Any organisation or individual deemed to be acting in such a way will find themselves on a blacklist (Article 4).
Those blacklisted could be denied entry into China or deported from the country. Their assets in China can be sealed, seized or frozen. Entities within China could be restricted from engaging in all forms of transactions, cooperation or other activities, potentially limiting the investment activities of blacklisted entities in China. Blacklisted individuals could find their relatives and the organisations of which they are senior managers or have control over placed on the list (Article 5).
Blacklisted individuals or companies have no grounds to appeal – the State Council’s decision is final (Article 7). However, the State Council does reserve the right to later suspend, modify or cancel countermeasures it introduces against an entity deemed to be in breach, if the circumstances change; the State Council is also required to announce publicly that it has taken this step (Articles 8 & 9).
Chinese individuals and companies (one should assume that this includes the Chinese subsidiaries of UK MNCs) are obliged to implement any countermeasures handed down by the State Council (Article 11), and any party found to have failed to implement the countermeasures will face further investigation to ascertain whether implementation is within its power or not, i.e. – why they haven’t done it. (Article 14).
The State Council will investigate cases where the Anti-Foreign Sanctions Law might have been breached in the event that a Chinese party files a lawsuit at the People’s Court accusing a foreign party of having damaged their business interests by adhering to foreign sanctions (Article 12).

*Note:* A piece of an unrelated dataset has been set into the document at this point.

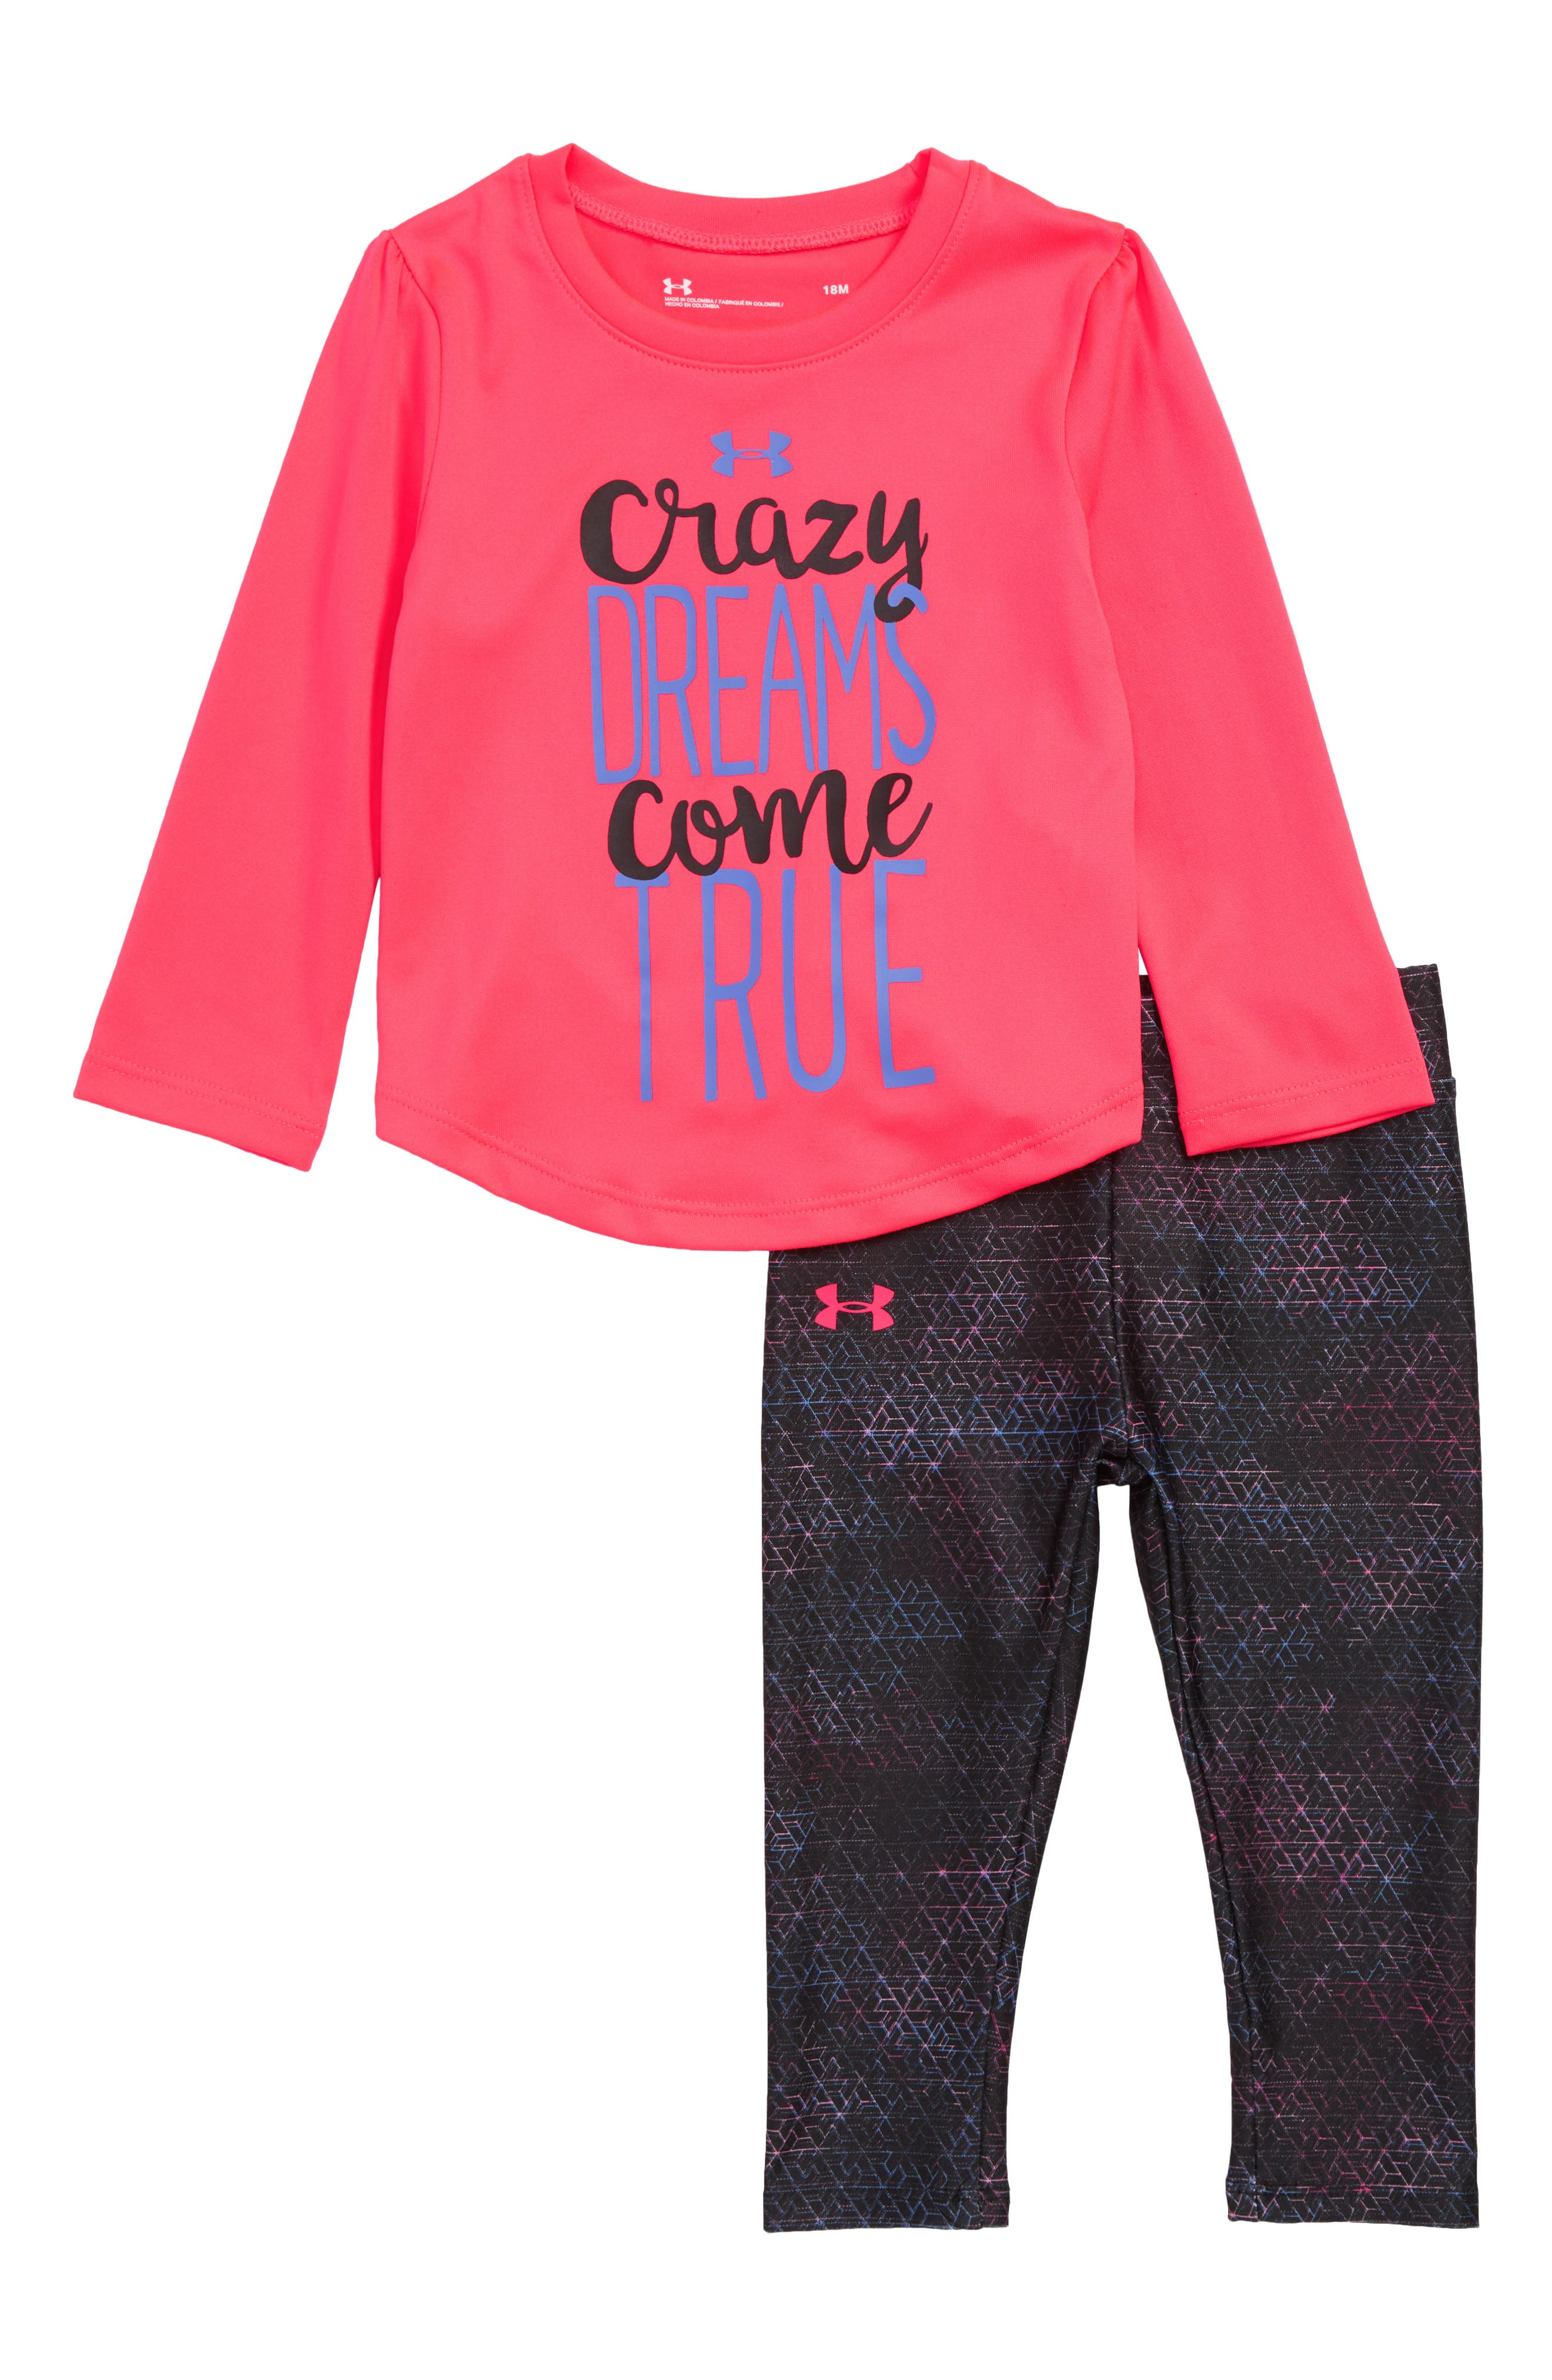 Crazy Dreams Come True Tee & Leggings Set,                         Main,                         color, PENTA PINK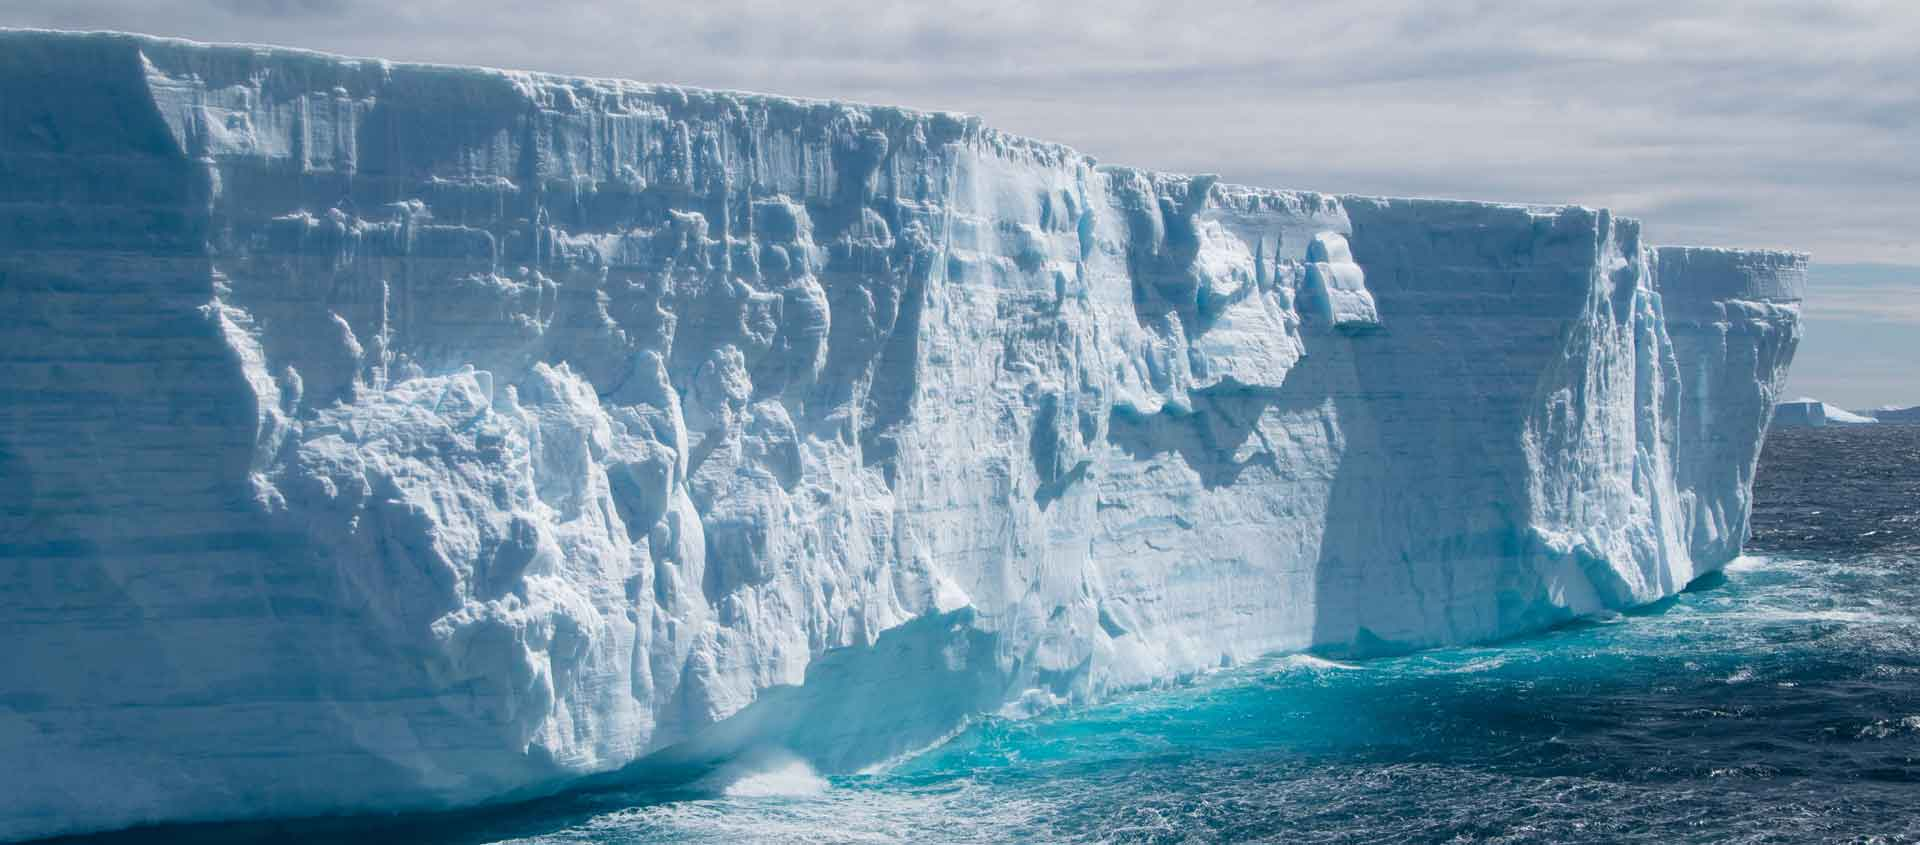 Deep South Antarctica cruise image of giant iceberg

Significantly, the text of Article 12 does not define further the scope of whether a foreign party has acted against the interests of China, merely stating that China will act against “discriminatory restrictive measures taken by foreign countries against Chinese citizens and organisations”. It also does not define the scope of conduct constituting “implementation” or “assistance in implementation.”
Finally, companies should assume that the law has an extraterritorial effect, and if it doesn’t, that it will be used in conjunction with January’s Blocking Measures to achieve it.
The CBBC view
China’s arsenal of trade defence instruments is becoming more sophisticated by the month, and the addition of the Anti-Foreign Sanctions Law only amplifies the risk to UK companies and individuals trading in and with China.
Whether the Anti-Foreign Sanctions Law will actually be used remains to be seen. For comparison, for all the concern surrounding the Unreliable Entities List, one remains to be published. Furthermore, CBBC is yet to hear from a company that has come under investigation under China’s ‘Blocking Measures.’
The main thing to consider is that the Anti-Foreign Sanctions Law serves the purpose of providing a legislative base to measures that China has taken already – i.e., the application of sanctions on foreign parties that it considers to be damaging its interests. As a result, companies are already aware of the threat and are beginning to act accordingly. It is also worth remembering that China has a whole host of other informal measures that it would probably deploy before utilising the Anti-Foreign Sanctions Law, such as inspections by the PSB. As a result, in all probability, a company would have ample warning before finding itself at the sharp end of these measures.
UK companies trading in and with China are advised to ensure that they remain well informed of their obligations in both markets concerning sanctions and their legal obligations surrounding business activities such as sourcing and conducting due diligence on the companies with which they are doing business.